The CCC’s projections still imply deploying perhaps quadruple current global CCS capacity in the UK by 2050, clearly a stretching target. Nevertheless, Olivia Powis, head of the CCS Association’s UK office, told ENDS that we, “we can’t afford the luxury of picking and choosing the carbon solutions we can afford… it isn’t just about perpetuating fossil fuels, it’s the only game in town”.
Green Alliance deputy policy director Roz Bulleid was more circumspect, describing CCS as “the solution of last resort” after the likes of electrification and switching to hydrogen fuel.
“I think we probably will need some kind of dispatchable generation,” she said, the options for which – fossil fuels, biomass and hydrogen – all rely on the technology. “It’s also really important if we want to do greenhouse gas removals at scale,” she added.
Lessons were clearly learned from the earlier funding rounds when the government drew up the new £1bn CCS Infrastructure Fund, part of 2020’s Ten Point Plan for a Green Industrial Revolution, according to the Global CCS Institute. An advisory council has been set up and a much clearer long-term policy context established, aiming to deliver a pipeline of projects across key industrial regions. The government has also outlined how investors could make returns from building the required transport infrastructure and how the industry would be regulated.

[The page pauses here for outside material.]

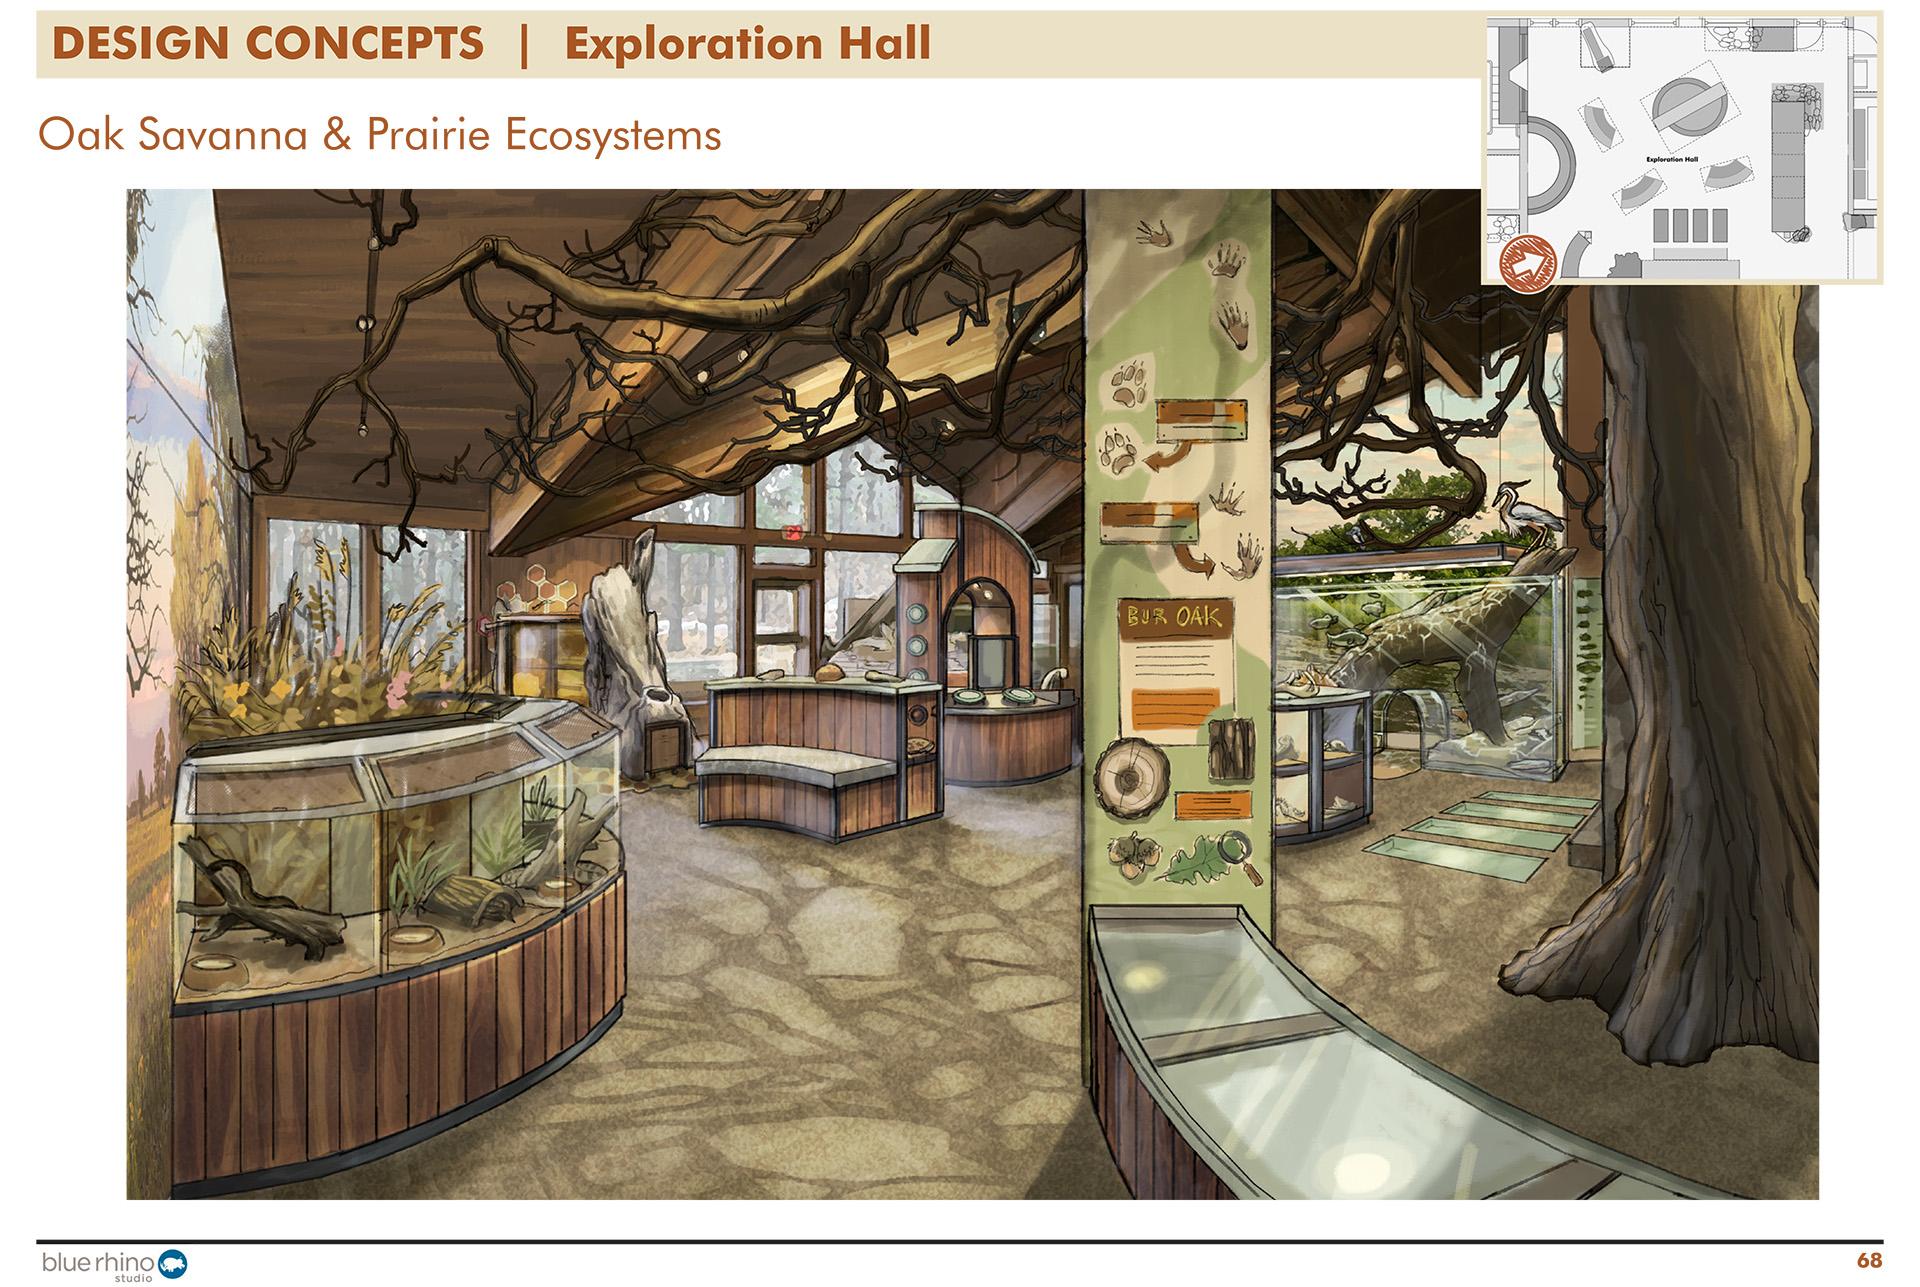 Exploration Hall, Window View

Industry has since pounced on the measures, with dozens of firms now collaborating on CCS infrastructure. Other than the net zero imperative, Parkin explained that the key reasons were no longer anchoring projects on power stations, due to the ever-falling cost of renewables and changing the way that risk is distributed. Under the old plans, the government sought a “full chain solution” of capture, pipeline and storage in one package, which “looked really expensive”, he said.
Powis offered similar reasons: “It’s the legislation, it’s the cluster approach, and using a regulated asset base model for transport and storage,” though the industry losing ten years of progress was regrettable.
The goal now is to create CCS networks with multiple users, with the government stepping in to take some of the risk. The regulated asset base model for pipelines also “really reduces the cost of capital”, making investment much more attractive, Parkin added.
He said the main stumbling block now is not the technology or engineering, but integrating the new commercial models. While the ones for transport and storage, power and industrial emissions are “progressing well,” the one for blue hydrogen production is “a bit slower”, which is something of a concern. “Every six or twelve months we delay, pushes back plans,” Parkin warned.
Although there will be substantial subsidies involved, the government views the industry as a potential money spinner for exports, as the country is far from alone in seeing a boom in interest in CCS. The Global CCS Institute became aware of almost half of the 135 commercial developments it is monitoring last year. It says only 28 are fully operating, with 4 in construction.
“The momentum we have seen over the last year towards CCS is considerable, however more is required if we are to reach climate goals", said Turan.